Tuesday, July 29, 2014

As hen's teeth

Dave Beronio's sketch of first baseman
Willie McCovey — you just know it's 1972.
What light and life a deft pencil can make
!
Now and then in this blog, I plead for help with my unfulfilled fascinations.

"Anyone know who created this logo?" I might ask, or, "Whatever happened to so-and-so?" "If you know anything, please tell me."

My pleas might as well be messages in bottles — too small, too random — but I chuck them hopefully past the breakers anyway.

Because sometimes — you never know! — something comes back.

A big something came back recently. A doozy. A four-bagger.

"I happened by your blog from February ’13 noting about my Dad’s sketching of the SF Giants yearbook for 1972," wrote Barry Beronio. "Thanks for the kind words."

Barry's dad, Dave Beronio, is why I've hung onto the program from the first San Francisco Giants game I attended, in 1972. Beronio's pencil-on-coquille-board illustrations of the Giants stars and prospects still enthrall me. The dollar it cost for the program was one of the best ever spent on me.
"Should you stumble upon this blog and know about Dave Beronio and his work," I pleaded in that post, "I'd love to learn more, the man and his process. His body of work seems so far to have eluded the magnet of the Internet."
Giants Manager Charlie Fox; the name fit.
The "Best in the West" logo refers to the Giants
having won the division the year before.
They weren't so good in a strike-shortened '72.
Really, apart from his illustrations I included in that post, Dave Beronio's work does not appear readily on the Web. With my small contribution I hope to end that dearth.

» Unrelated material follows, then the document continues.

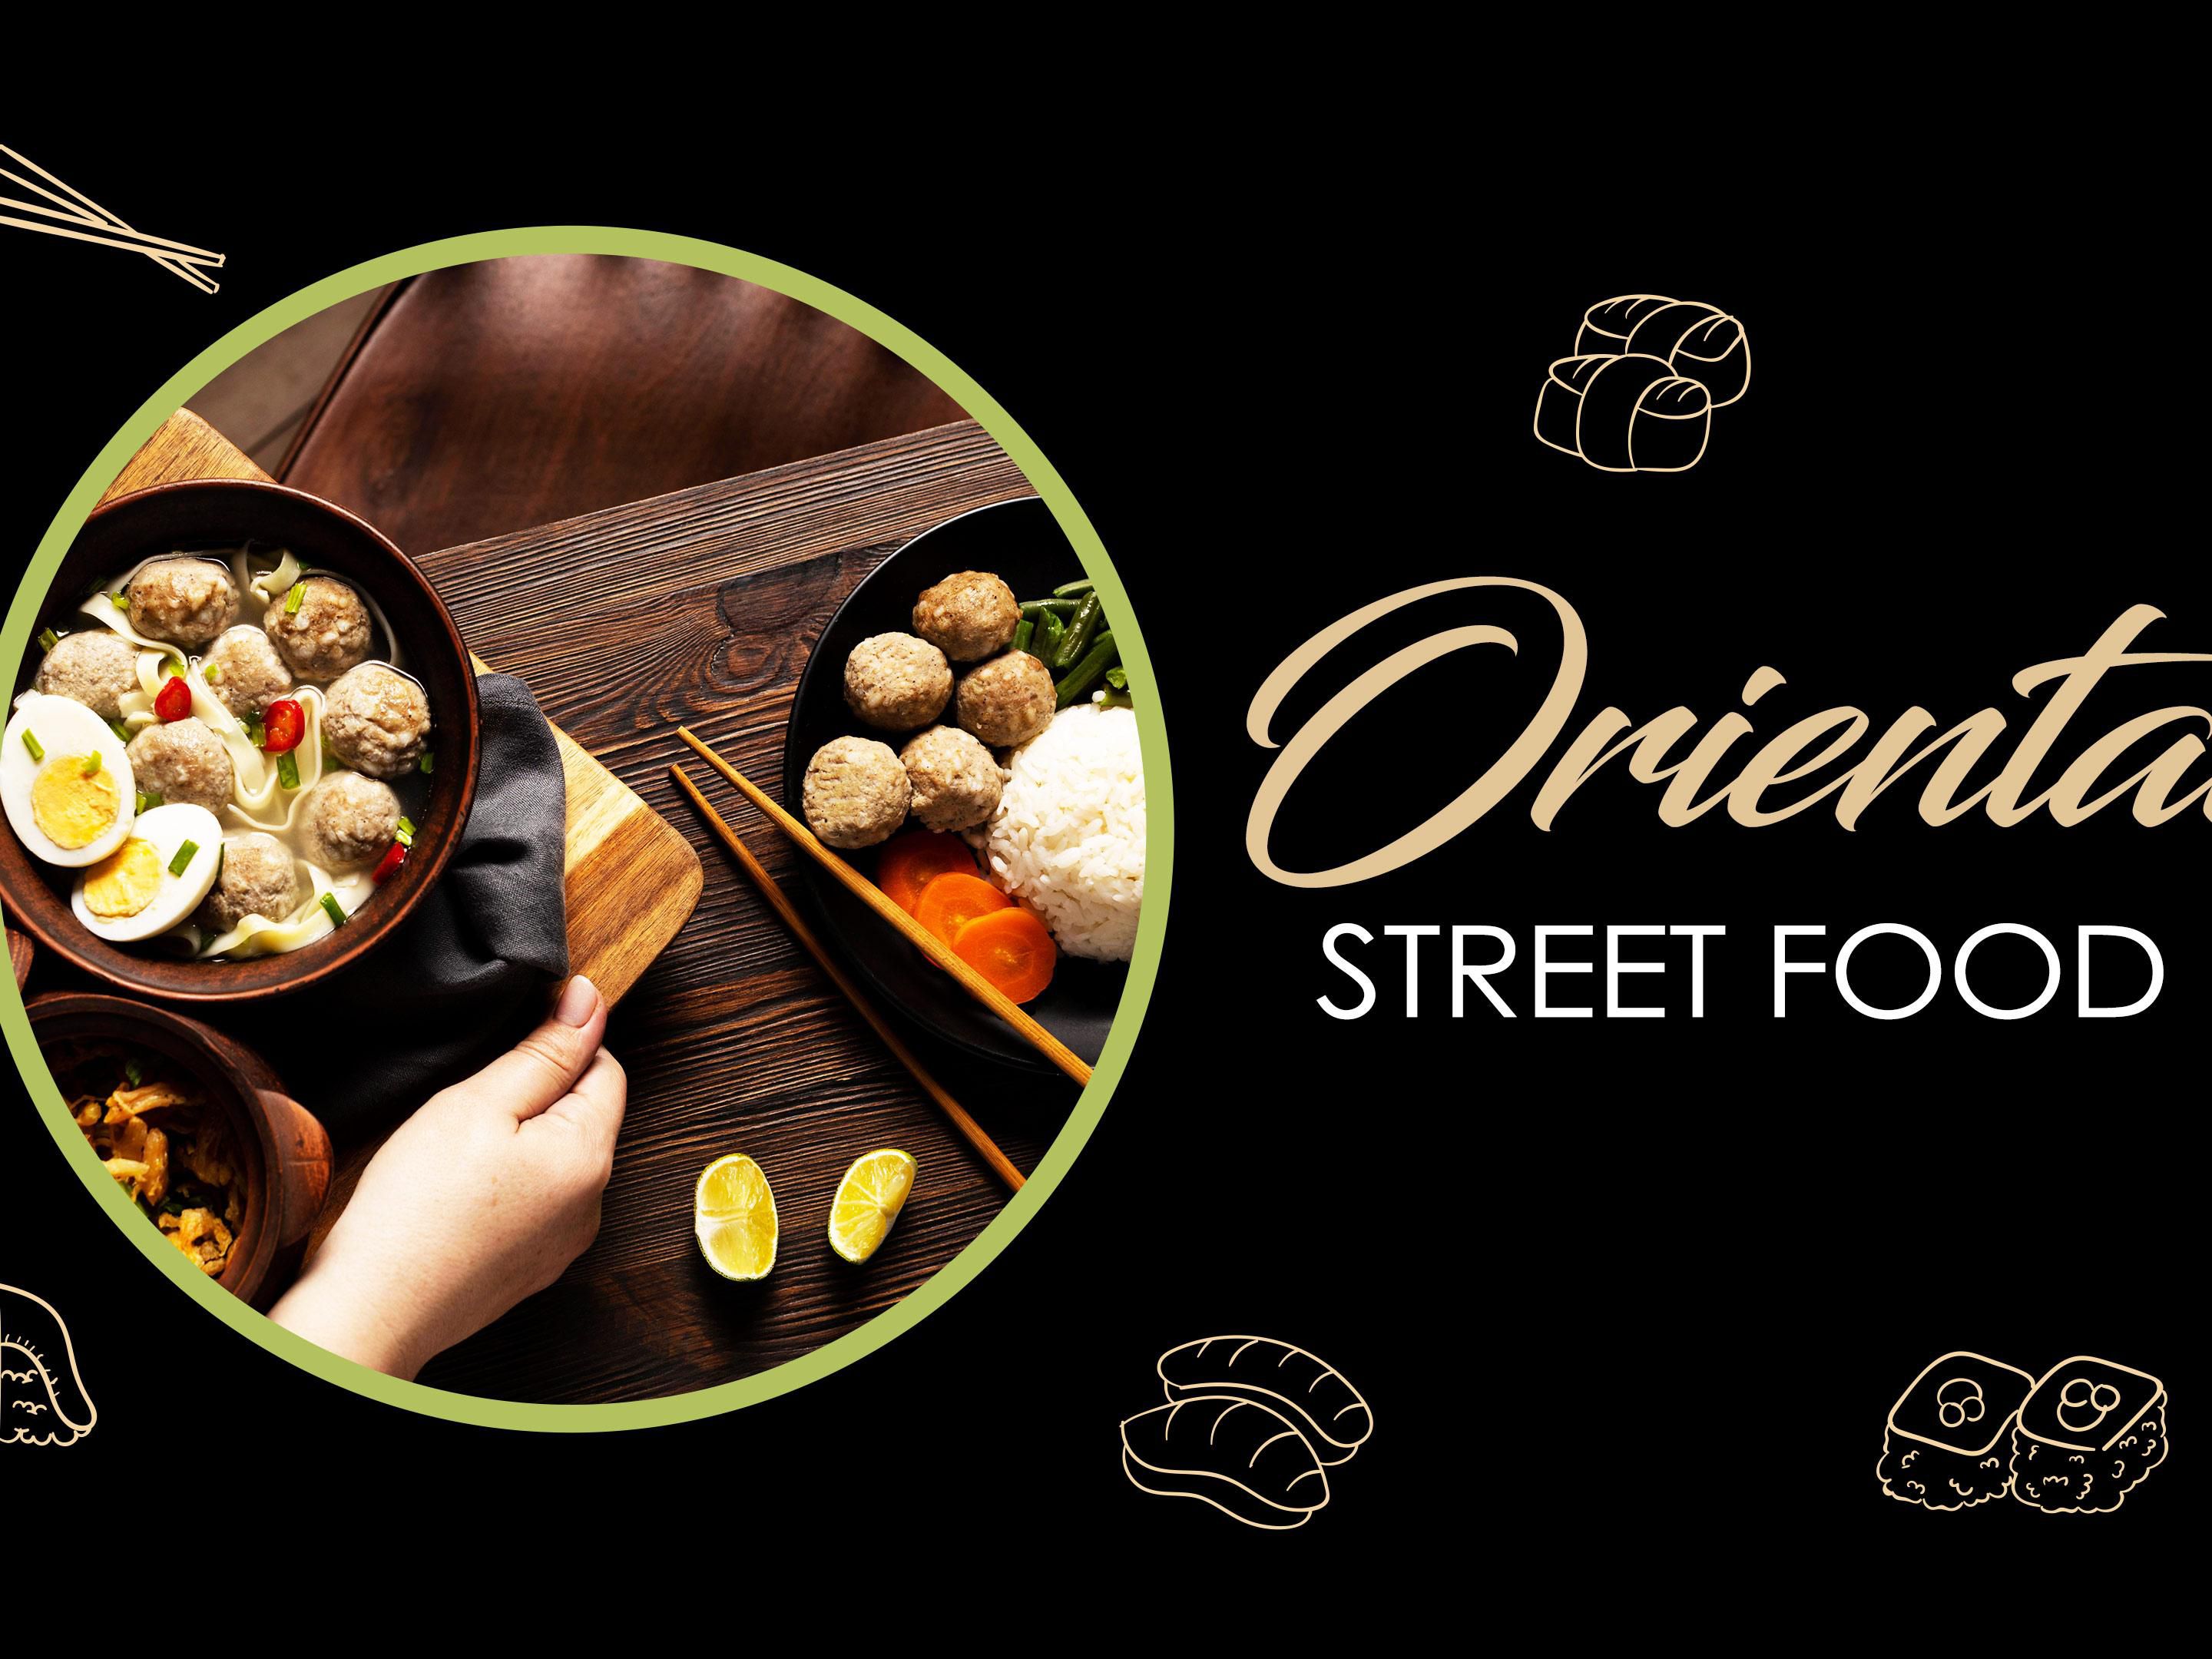 Oriental Street Food Festival

Barry emailed me last month.

First, the sad news: Barry said his dad passed away late in 2013. Dave Beronio was 92. Here's the tribute in the Vallejo Times Herald, where he spent most of his journalism career.

In ill health, Dave Beronio had been living his last months just blocks from my home, close to two of his three sons, including Barry, who works in Sacramento for the California Lottery.

Except for flying 35 B-17 missions out of England during World War II as a radioman-gunner, and working briefly in Hollywood on behalf of GIs after the war, it was the only time Dave Beronio didn't make his beloved Vallejo home.

He was raised there, and became a professional boxer — "Dynamite Dave" — before becoming a sports journalist. Judging by the photo accompanying his tribute, the first I'd seen of him, Dave Beronio was probably a featherweight.

Dave worked 33 years at the Times Herald and briefly at another Vallejo newspaper, contributing to the Vacaville Reporter too.

Catcher Dick Dietz.
Dave Beronio captured his
fun-loving nature.
"He was pretty much self-taught with his sketching from an early age," Barry wrote me, "sketching for his high school paper (and) the Vallejo Times Herald, where he was the sports editor and included his sketches in with his columns about local and national athletes."

Self-taught! I don't know whether to hope or despair. I imagine Max Mercy in "The Natural," drawing sports figures for his columns. That's old school!

His reportage and sketchbooks put him front and center in the 20th Century sports world — not just the Giants but the San Francisco 49ers, not just Joe Dimaggio but Bob Mathias and Arnold Schwarzenegger.

"My brothers and I didn’t inherit that talent to draw, maybe because we were always doing something else," Barry told me.  "He gave me an enviable childhood going to all of the pro games in the Bay Area over the years. It was quite a fun time and I’m glad I got to go along for the ride."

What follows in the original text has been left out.